## PROBLEM DETAILS
In the records that follow, find the line containing "Mach & Mach" and the line containing "Everything we’re expecting", then transcribe both and every line between them exactly, omitting pictures.

___ GIVEN ENTRIES ___

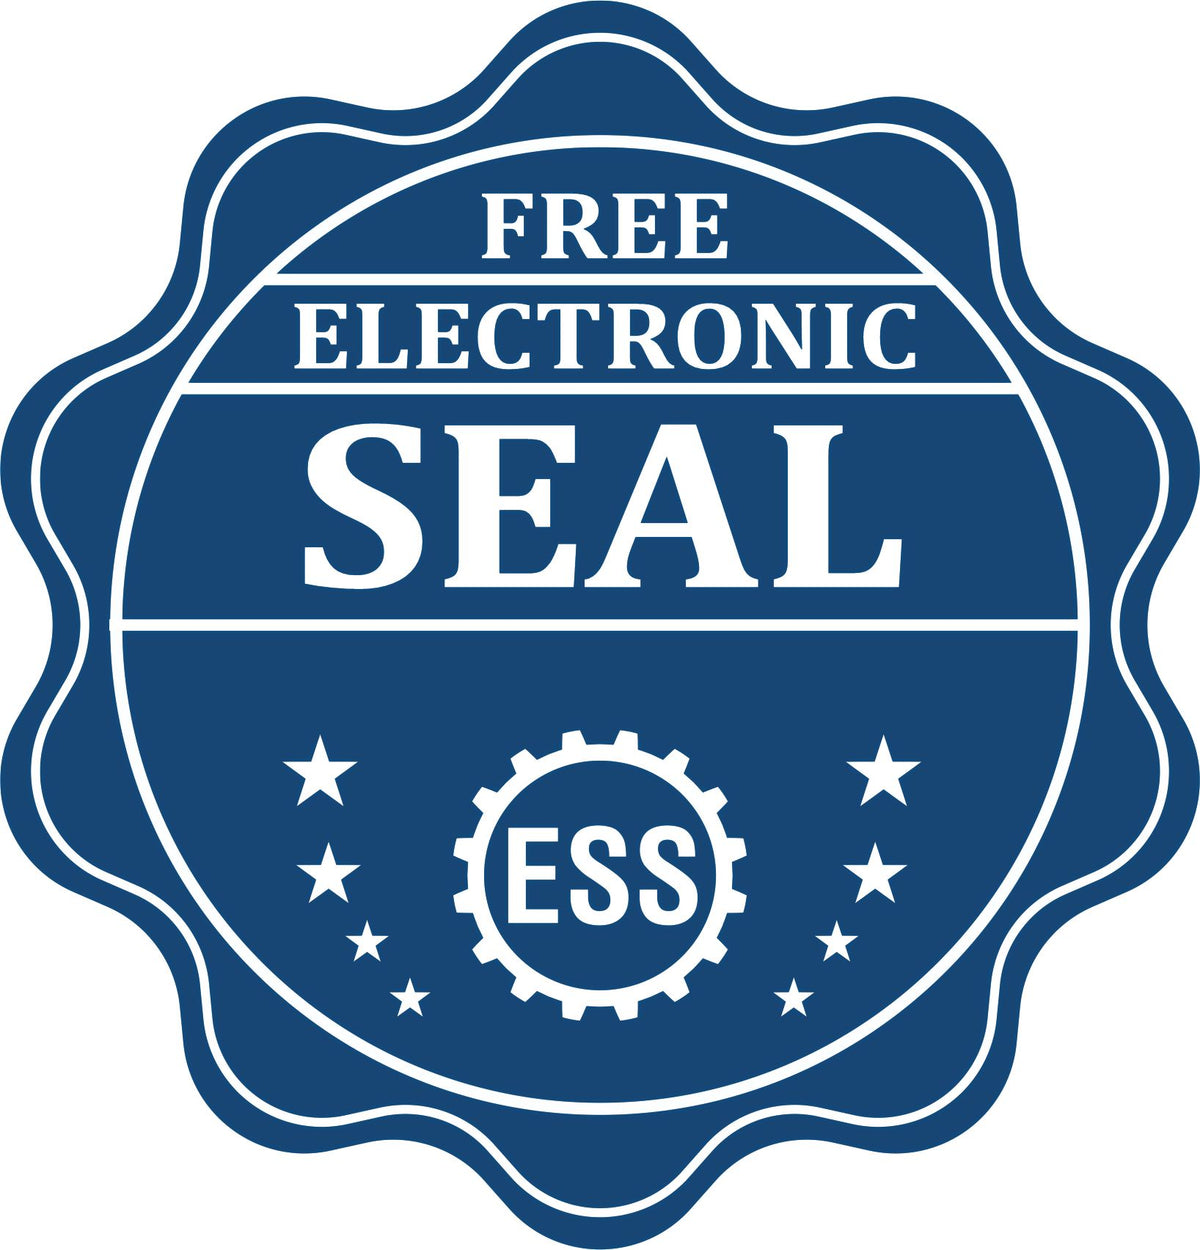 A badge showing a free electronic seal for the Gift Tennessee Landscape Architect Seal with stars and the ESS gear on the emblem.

___
___ GIVEN ENTRIES ___

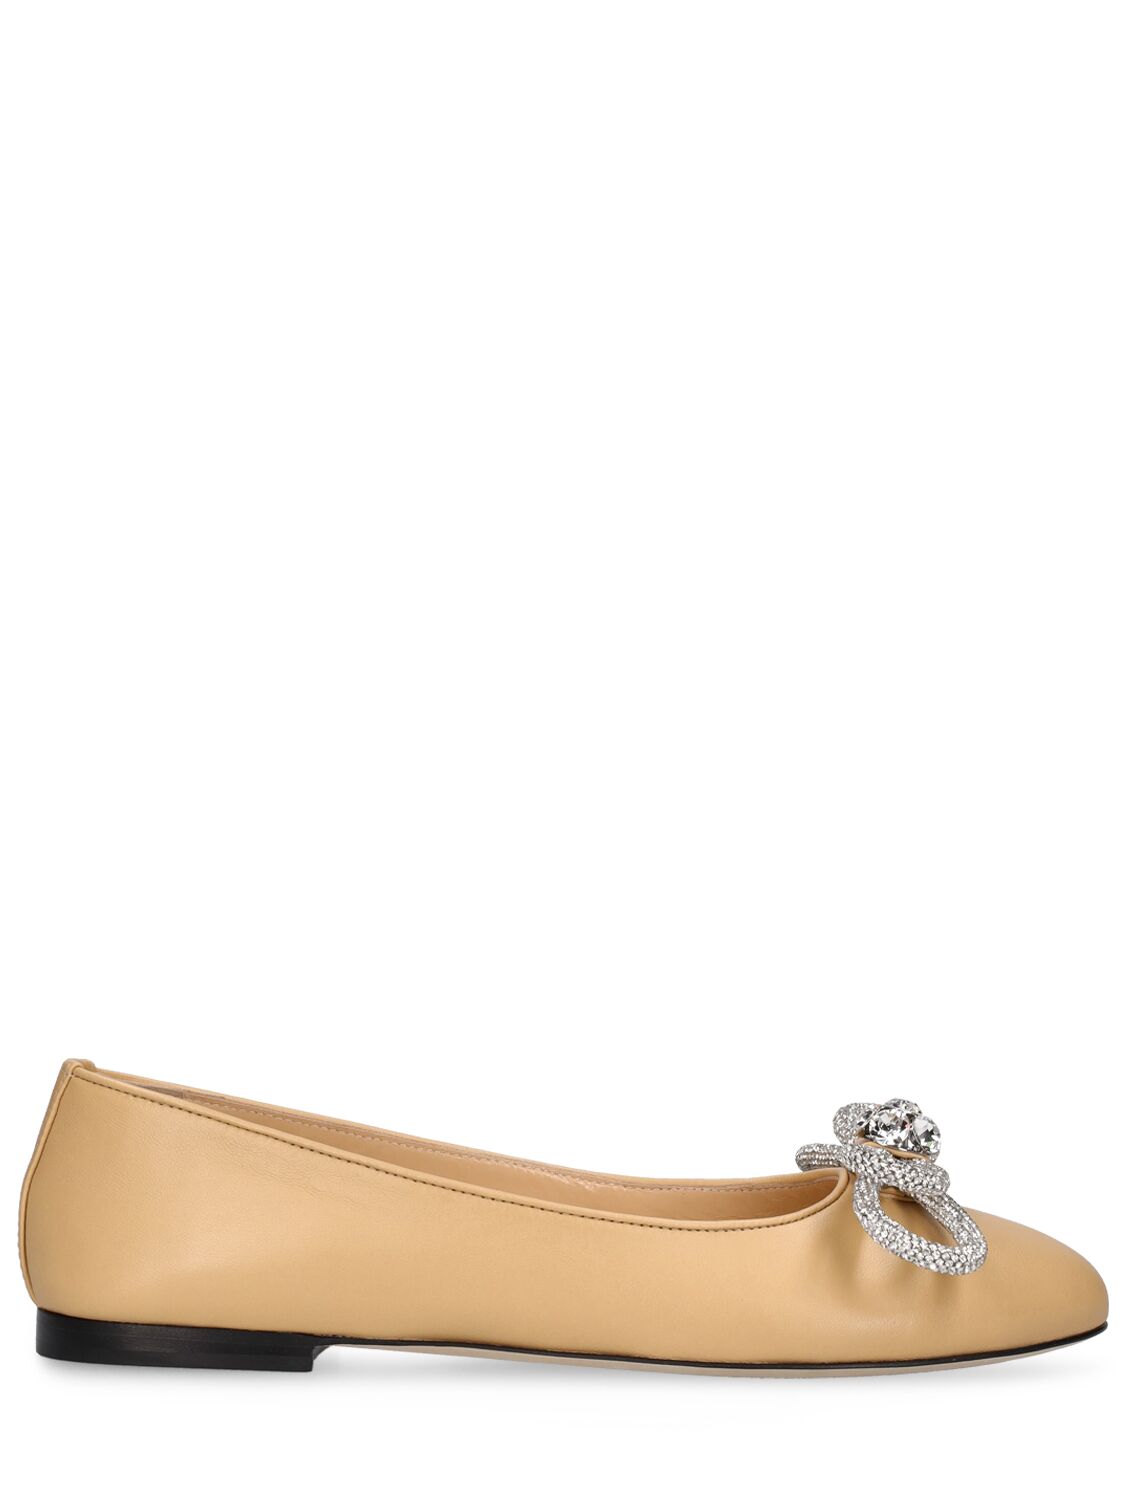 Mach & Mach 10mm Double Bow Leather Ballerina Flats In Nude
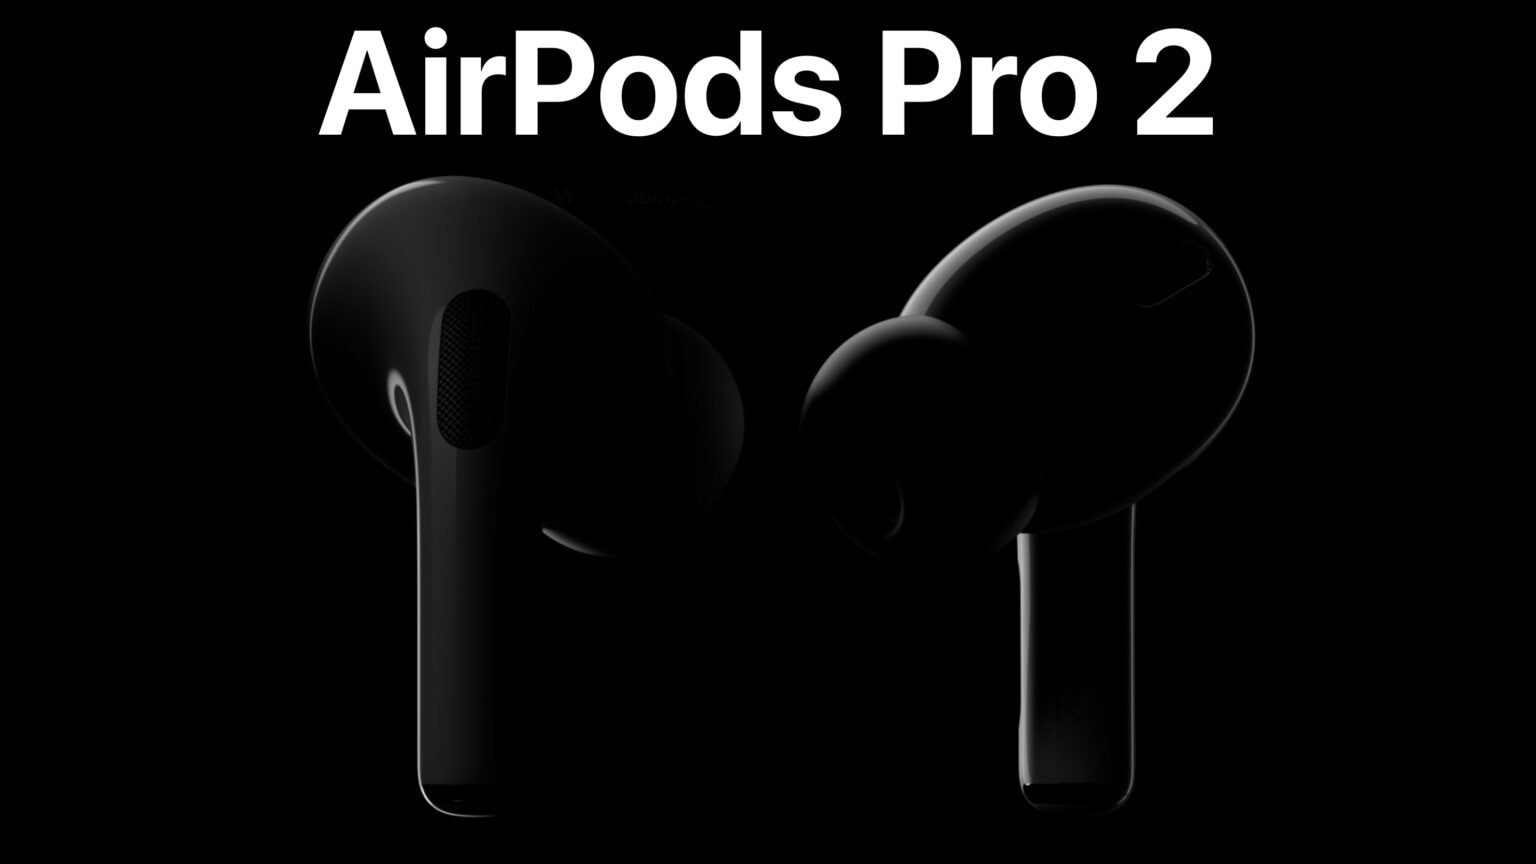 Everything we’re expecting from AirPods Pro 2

___

## ANSWER TO THE PROBLEM
 Mach & Mach 10mm Double Bow Leather Ballerina Flats In Nude
 Everything we’re expecting from AirPods Pro 2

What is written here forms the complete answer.